The one word that came to my mind as I read this entry--over and over is: EXACTLY!
Why take time off now, he's gone now. EXACTLY.
You don't treat these conditions in people with AD. EXACTLY.
Why can't we just be buried directly in the earth? EXACTLY. (BTW, google 'green cemetery' for more info on this--it's the way I choose to do it if I chicken out and decide not to be donated to science).
You've been mourning for three years. EXACTLY.
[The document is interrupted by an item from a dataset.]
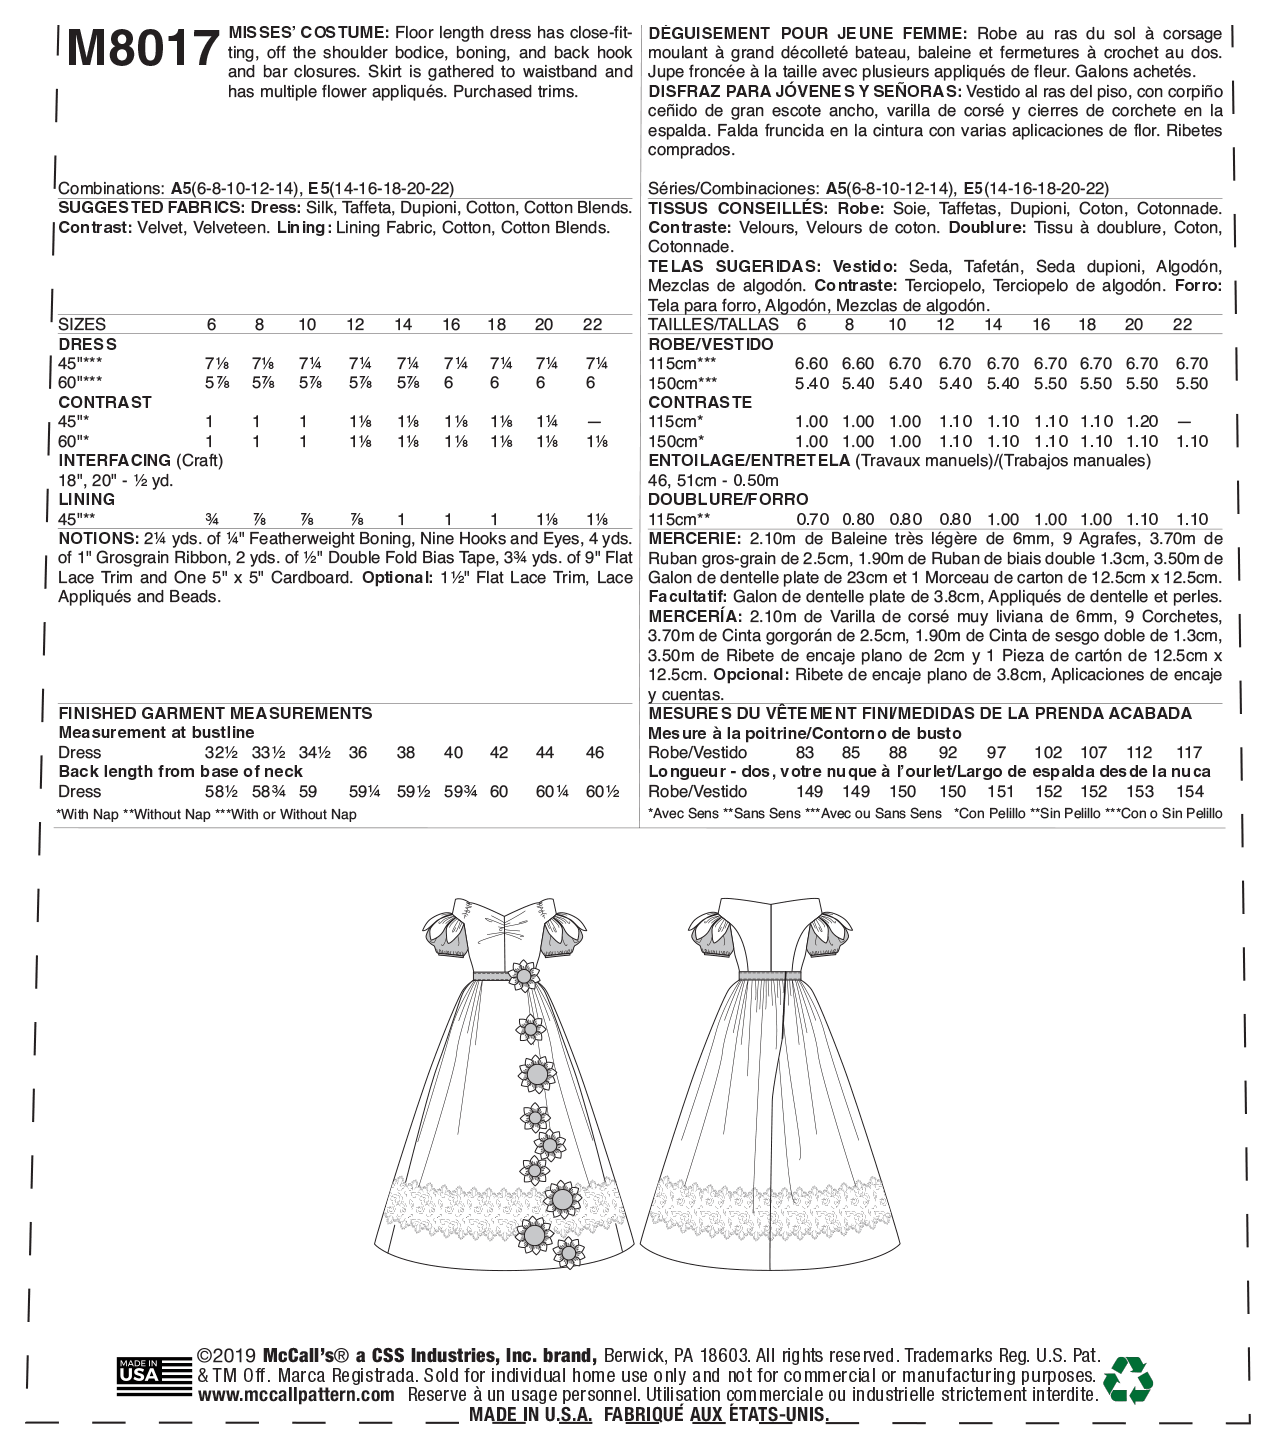 McCall's Sewing Pattern M8017 Misses' Costume

Maybe, maybe... If there is one thing to be "learned" from the AD experience it is that our lives are being prolonged too long. For What? Pills for cholesterol, BP, diabetes... so that we can live long enough to lose our minds? F**k that. I'm not saying don't try to be healthy or live long. And there are many other things that can and will probably kill us. But the body's (including the brain's) life is finite.
One of my co-workers mentioned that you just never used to hear about AD before... Well, it is my belief that 'before' we did not live that long. And we referred to it as a Second Childhood or something more genteel. And 'before' families stuck together, did'nt move across the or to other countries. Who needs a board and care or a nursing home when you have a whole stay-at-home family system?
I don't believe for one second your dad wants you to be any sadder than you are. This is something to move past, not wallow in. It still won't happen over night, but don't let anyone tell you how you should deal with it. What am I saying... of course you won't. :-)
((( HUGS ))) Sorry I haven't been here for a little while -- I understand how you must be feeling. I just read your post as I rec'd a letter from my mom and I cried when I saw how her writing has gone down. Then I felt bad for crying because this whole thing isn't her fault! Mixed up feelings that's for sure. D
Hugs to you Bert and I'm very sorry for your loss. However, after reading all the comments above I must say to "e".... EXACTLY. Your response is right on. People who haven't gone through the prolonged grief of AD do not have a clue and it's hard to educate someone while you're trying to bury your father. Take care of yourself and your mother. It's a relief (for me) that you will continue this blog. You don't know how helpful/hopeful it is to check in and have a post from you.